===== SOURCE DATA
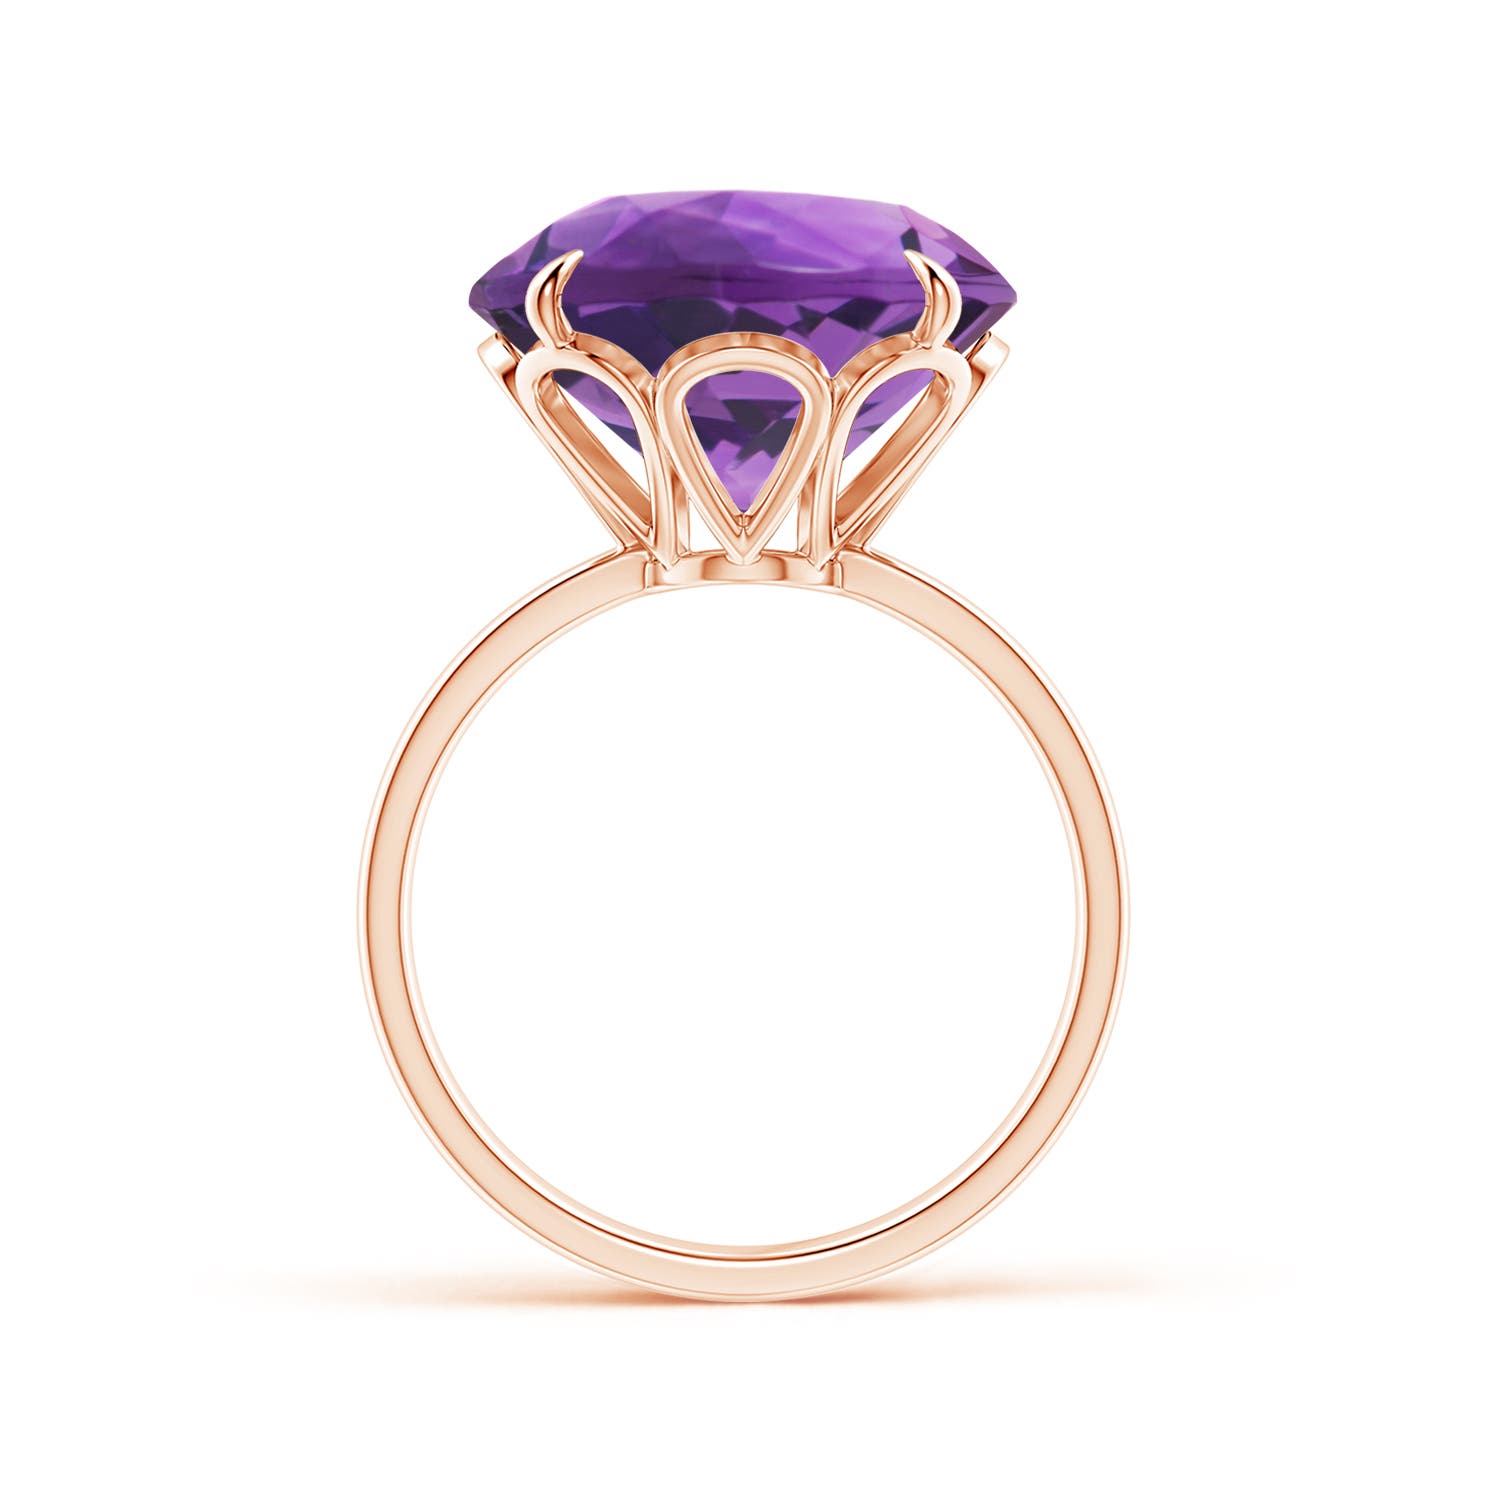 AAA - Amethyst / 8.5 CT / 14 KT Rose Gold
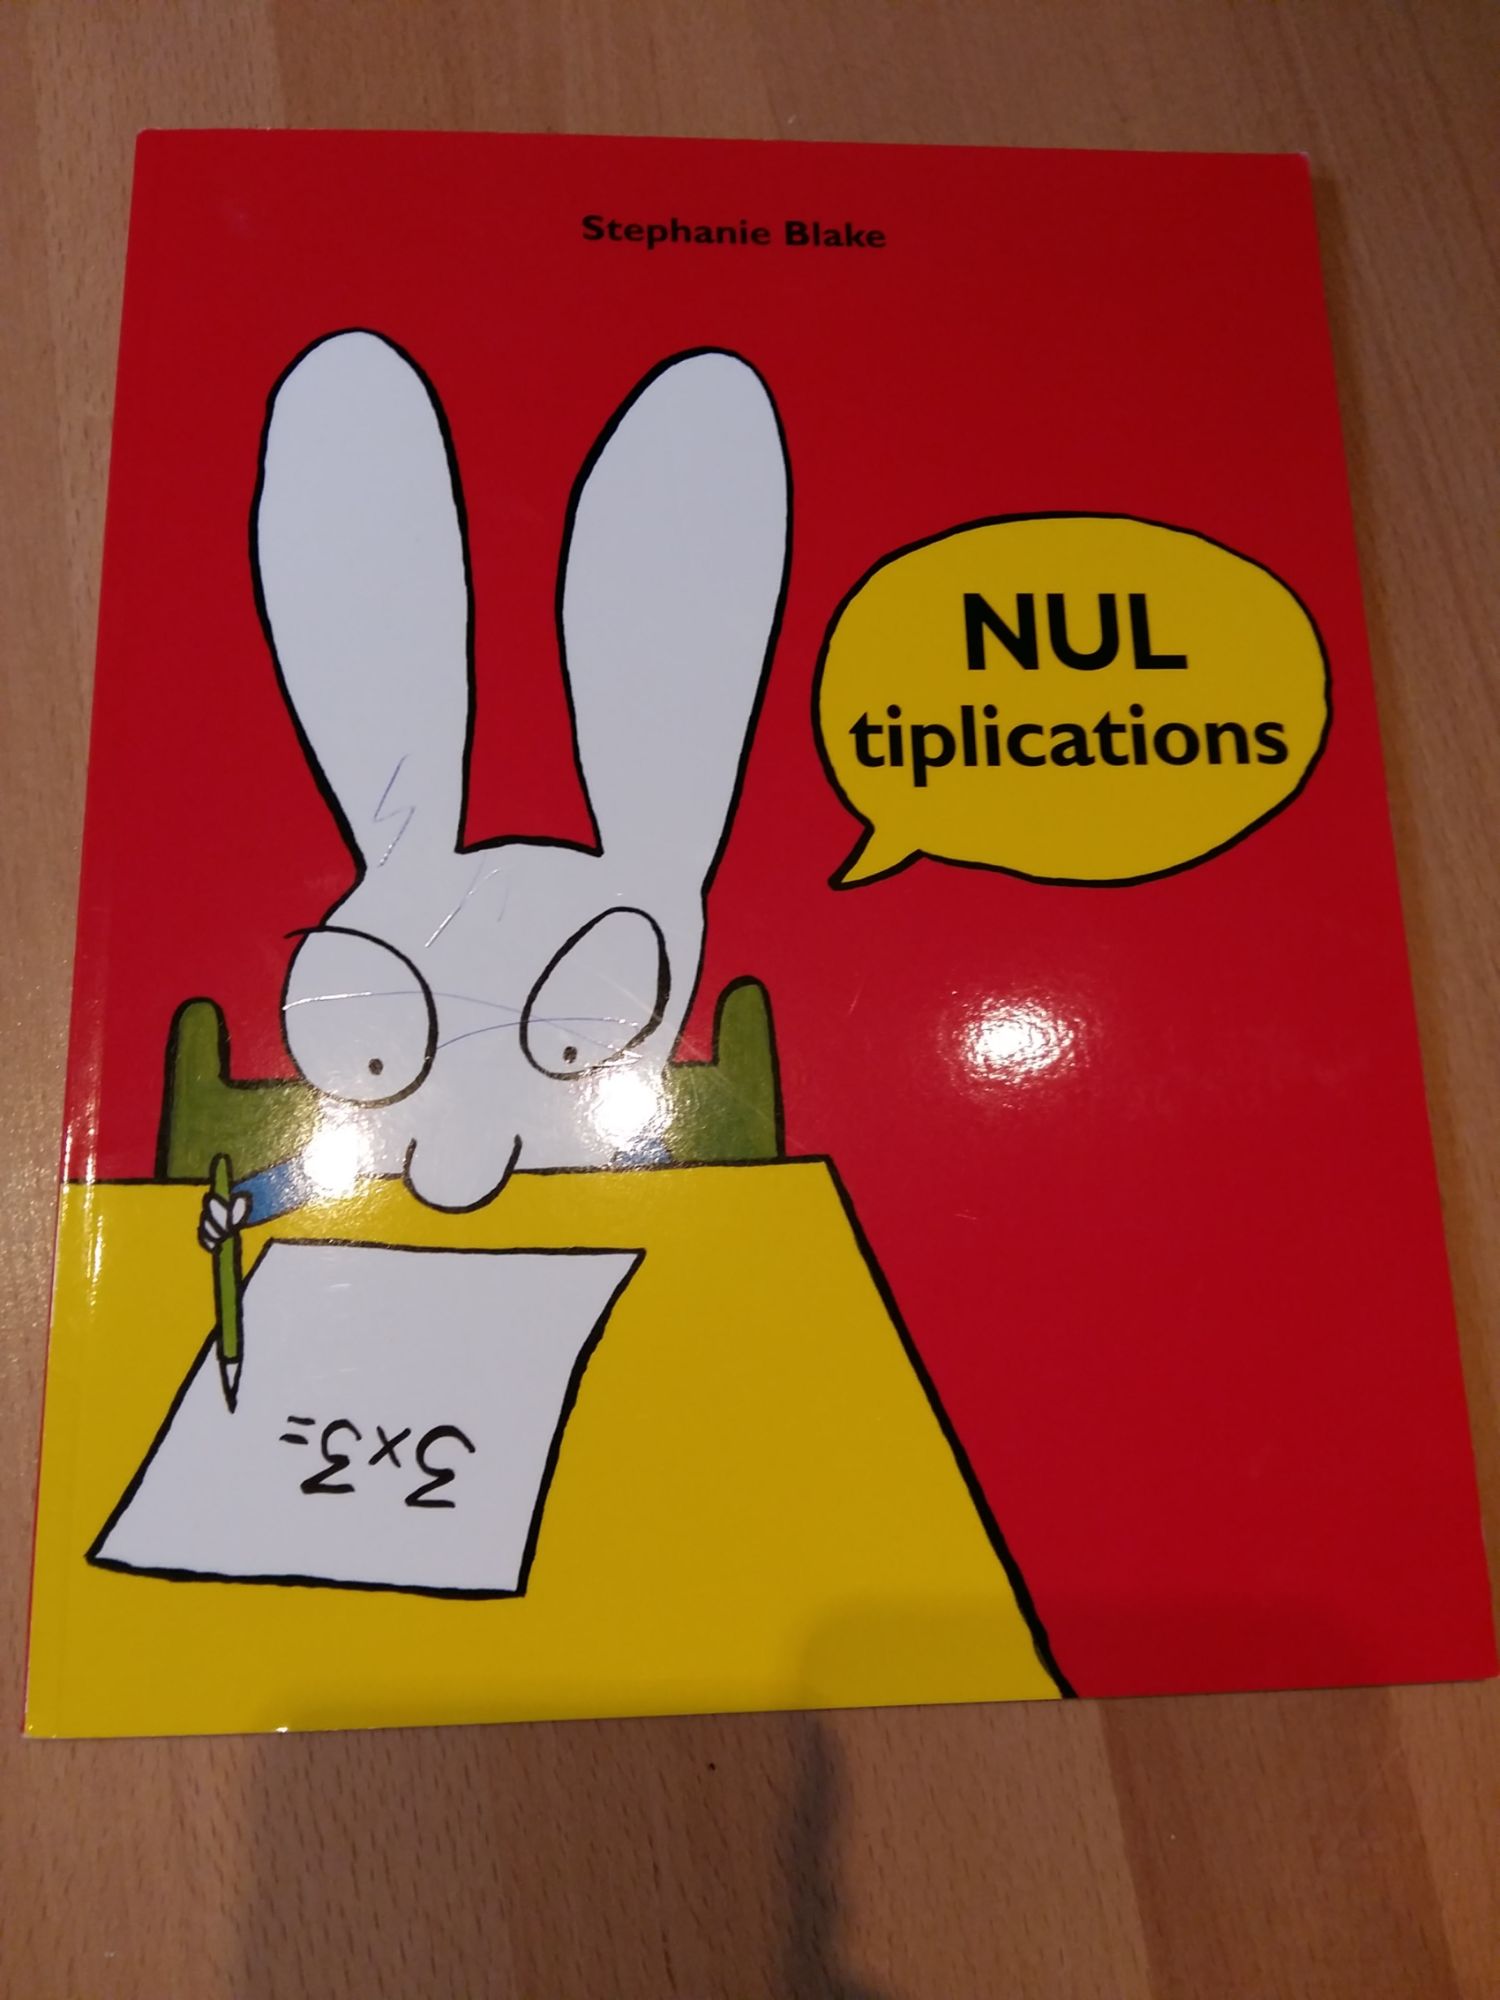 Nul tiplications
==========
===== SOURCE DATA
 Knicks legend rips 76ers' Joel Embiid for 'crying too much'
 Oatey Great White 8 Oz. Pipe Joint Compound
==========
===== SOURCE DATA
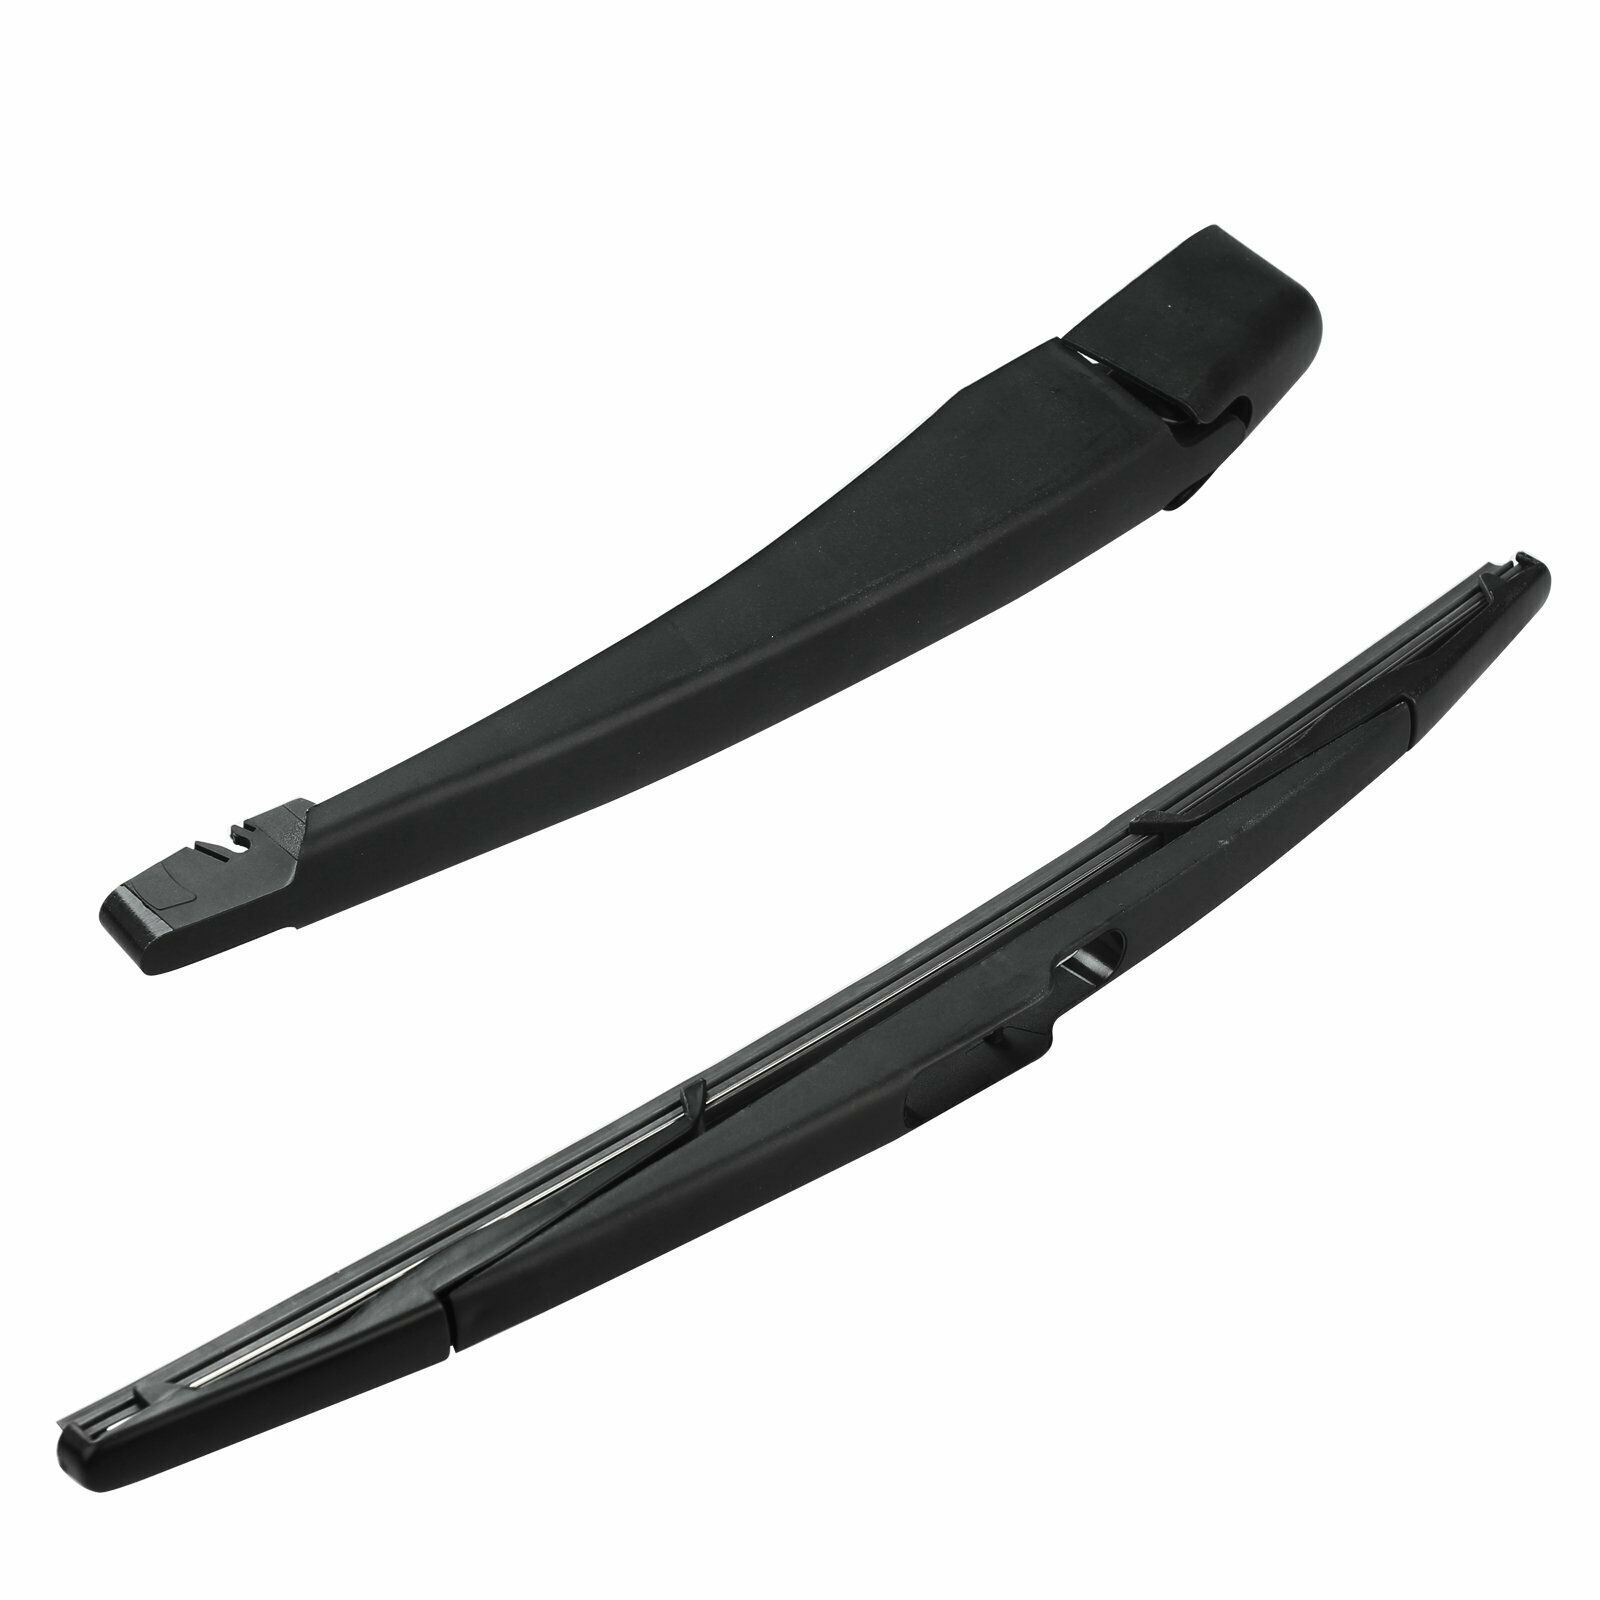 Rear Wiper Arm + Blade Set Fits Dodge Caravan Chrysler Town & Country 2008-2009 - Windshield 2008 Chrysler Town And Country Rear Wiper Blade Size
==========
[WHAT NEEDS TO BE DONE] Nothing but the lines from the one containing "AAA - Amethyst / 8.5 CT / 14 KT Rose Gold" through the one containing "Nul tiplications" should appear, copied exactly from the material above and without pictures.

[SOLUTION]
 AAA - Amethyst / 8.5 CT / 14 KT Rose Gold
 Nul tiplications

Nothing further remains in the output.